Whilst getting to the final was seemingly incredibly straightforward and relaxing for Imre, it was somewhat more stressful for myself. Having lost convincingly to Imre and then losing 33:31 to David Beck (in an unnecessarily complicated endgame where we both imagined the same non-existent swindle), my fate was already out of my own hands and I had to rely on Iain Barrass to beat David which Iain very kindly agreed to. So after day one Imre was already out of sight on 6 out of 6, with myself, David and Iain all cosily huddled on 4 points.
I was able to come through my game against Iain to leave me tied with Beck fighting for a high MBQ tiebreak. Through some miracles of luck I was able to beat Ian Turner and Ben Pridmore in games where I surely deserved to lose (maybe I played Ian T on day one but whose keeping track), finishing the swiss rounds on 7 and narrowly beating David (also on 7) into the final through what I assume was more discs (but who really knows how MBQ works).
My reward was I got to play Imre in a nationals final again, having won one against him in 2013 and having lost the other three since. Knowing that he always (without exception) chooses white in finals I decided to focus my limited preparation on black openings, and thankfully he was happy to play along with our standard comp'oth opening we play far, far too much together. We always play as far as F2, when I then tend to alternate between F1 and B4 (to ensure he has to prepare twice as many lines for me).
I chose the F1 route this time, and after his C2 I went to B1. Note that in the 2019 final I played E7 after C2 and was completely destroyed so had thoroughly learnt my lesson. We both played the next few moves nicely (G4, G3, G5, H6
, H5, D6, H3 G6) and were both out of book at the same time in a lovely drawing position.

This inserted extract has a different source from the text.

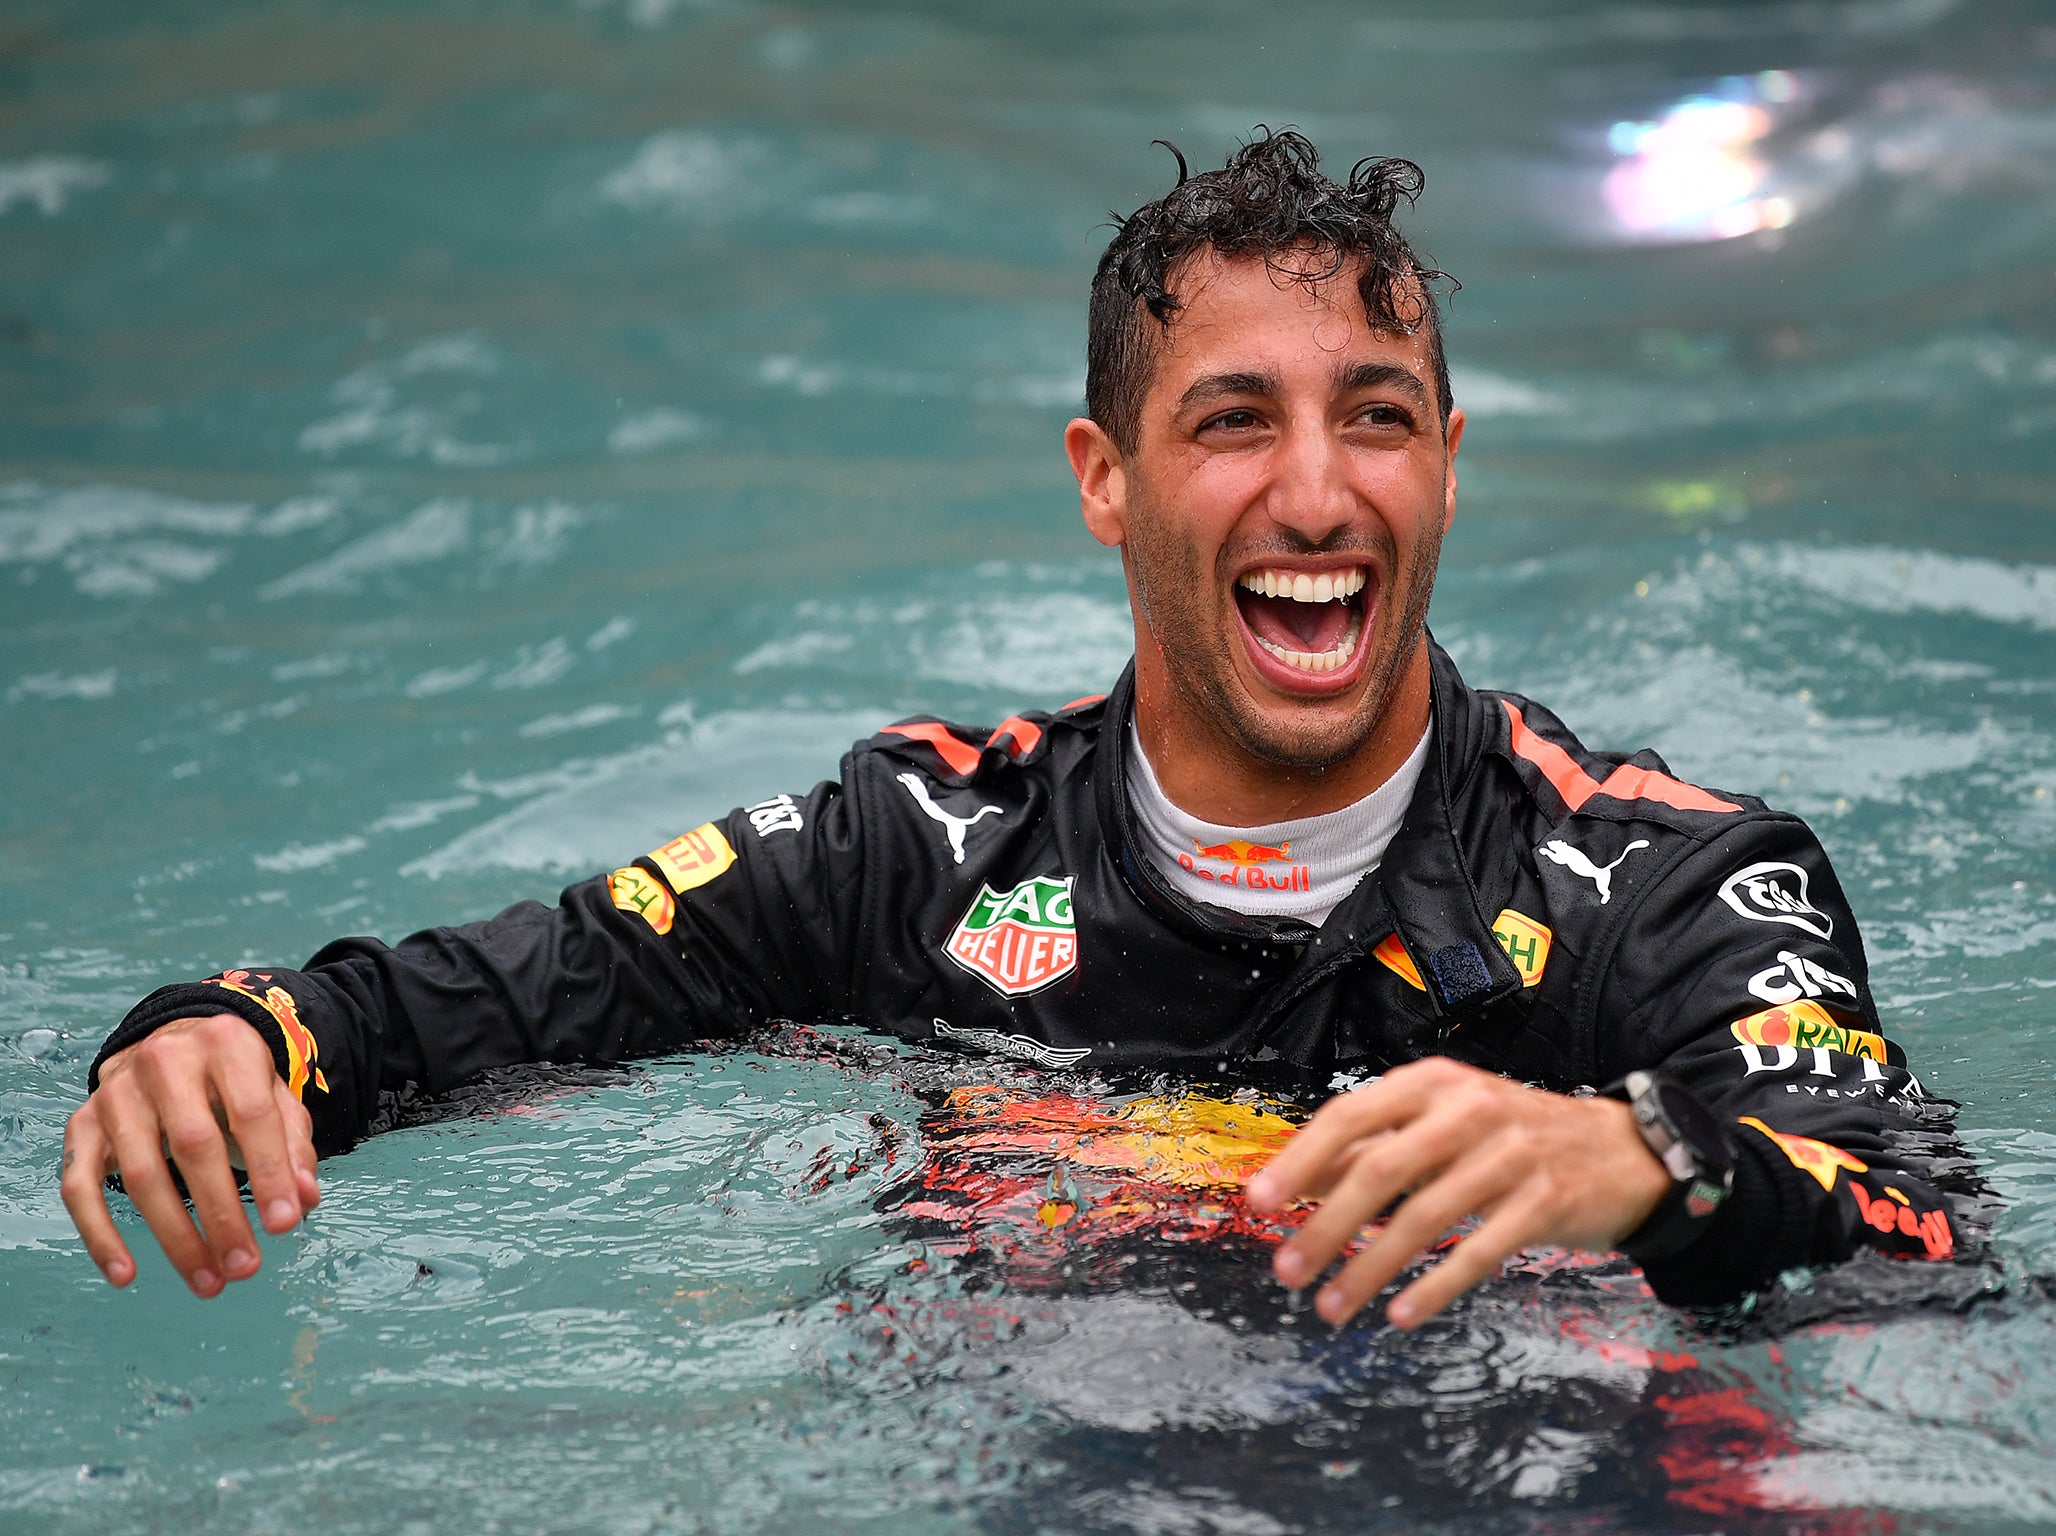 The Aussie took an impromptu dip to celebrates his Grand Prix win

The next move for white you could argue mathematically was the decisive move in the game as he missed the somewhat unintuitive C7 and played the sensible but mysteriously worse D7. Not that it was especially straightforward after that for me. We both then played sensibly (E7, C7, D8, C1, D1, G2) with Imre playing the x-square (correctly) and left us in a very inter
While white technically still has parity and after a black H1 has the option of either H2 or G1, the danger of G6 being flipped at a later point (giving black a quiet G1) definitely puts a lot of pressure and uncertainty on the position. But for now it’s me to play and I have to play somewhere to the west, hoping to play it out in a way that will allow me to cruelly abuse the north east to my advantage later without giving away a game losing amount of stable discs in the meantime. After B4, B6, B5, A4, A6, A5, A3, C8, B8, I was feeling relatively happy. We were
getting slowly closer to forcing white to do something he really didn’t want to in the south east and I hadn’t done anything disastrous.

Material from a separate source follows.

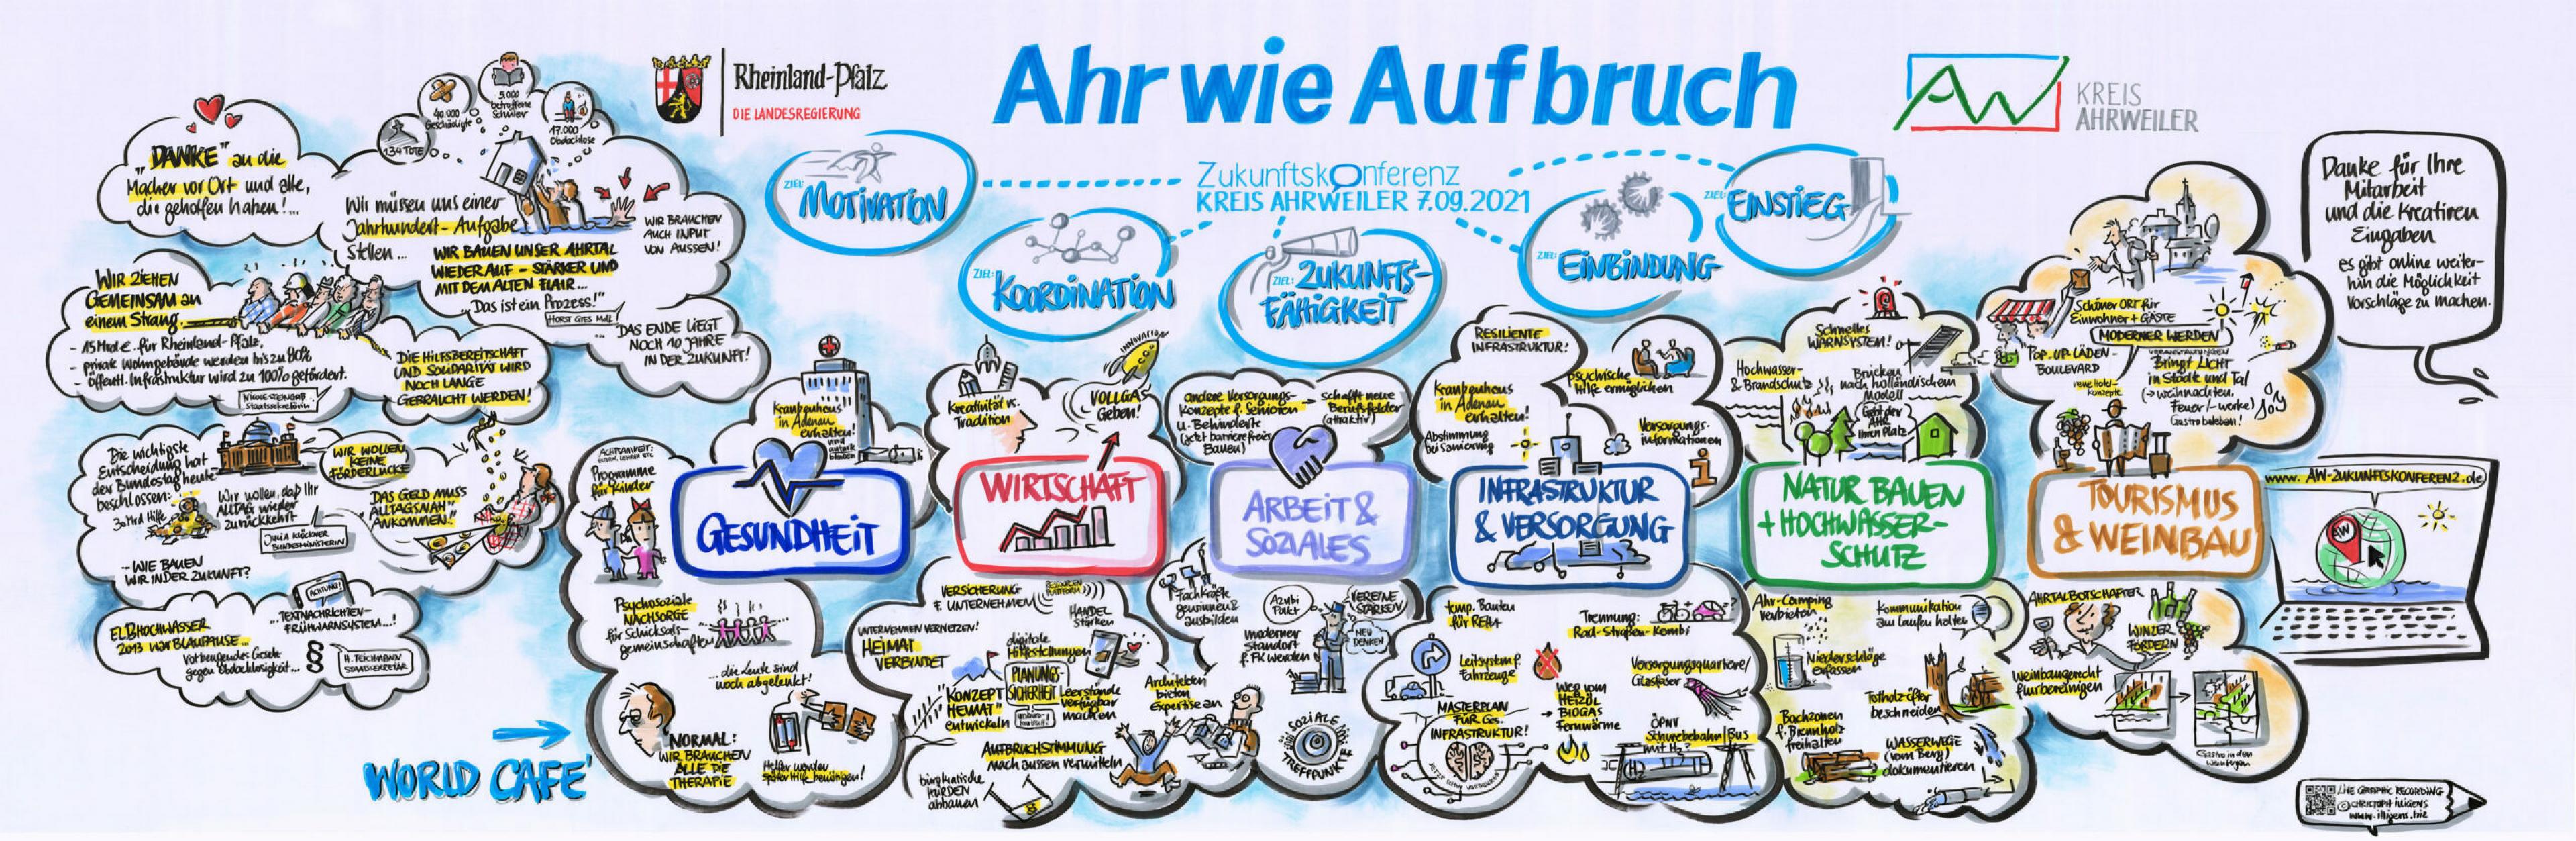 Die Ergebnisse der ersten Zukunftskonferenz für den Kreis Ahrweiler am 7. September 2021 wurden live vom Grafiker Christoph Illigens aufgezeichnet. Grafik: LIVE GRAPHIC RECORDING ©CHRISTOPH ILLIGENS · WWW.ILLIGENS.BIZ

Whilst it may look initially that a white B2 followed by a black A1 has the problem of black losing access to A2, it’s not really an issue, as if white plays to B7, A8 will reflip D5 giving access back and the only other options for white are to play into that horribly south east area I’ve been excitedly looking forward to. Another problem with giving me A1, is it lets me abuse a completely different parity stealing mechanic that doesn’t even need white to flip G6. Once A1 is black I have the lovely H2 move, and whether white goes to H1 or G1, I play the other leaving black no access to H4.

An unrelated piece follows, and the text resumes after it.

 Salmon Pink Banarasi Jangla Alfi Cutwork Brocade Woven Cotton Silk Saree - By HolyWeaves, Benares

And if it went B2, A1, A2 I could still play B7 myself securing a big stable patch on the west edge.
Anyway, White didn’t really have any better options so played out B2, A1 and with the previously explained flaws in B7 and B2 opted to play to E8.
Whilst F8 for black is fine here, I was a little unsure exactly how the F8, G7 line played out, and was slightly concerned about having issues getting access to A2 later so decided it was safer to just guarantee that access by playing F7 now. Essentially sacrificing the bottom
edge to white, but it’s not like there was a great amount he could do with it (especially without access to A7 – meaning he couldn’t build any useful stables on row 7 and would be forced back to the horrible south east region. Anyway, white obviously understand this too, so plays out F8, G8, delaying my access to A2 briefly and ensuring that taking A8 will also give him H8. Then we play out the aforementioned A2, B7, A8, B7.
At this point there isn’t any hope for white. I still have the H2 parity stealing move I’ve been saving and no method of playing out the south east will stop that. So we just played it out with H8, G7, H7, H2, H1, G1, pass, H4.
So in the end my north east parity related threats worked out nicely and it’s not like white really did anything particularly bad (other than the unintuitive missed C7 earlier). In fact Saio analysis says Imre only lost 0.9 discs per move which is a highly respectably performance in any game, but with an easier to understand goal (stay alive till white has to play south east) I would argue it was simpler for me to plan out my moves and find a winning line. It was definitely an interesting game from any perspective with lots of key Othello concepts to think about throughout.
Whilst some might feel bad for Imre winning 9 out of 9 and then losing the final it appears to be a surprisingly common occurrence in British Nationals, with Imre doing the same to me the other way round in 2019, and I’m sure he can wait for what will surely only be another couple of years for that 16th national title.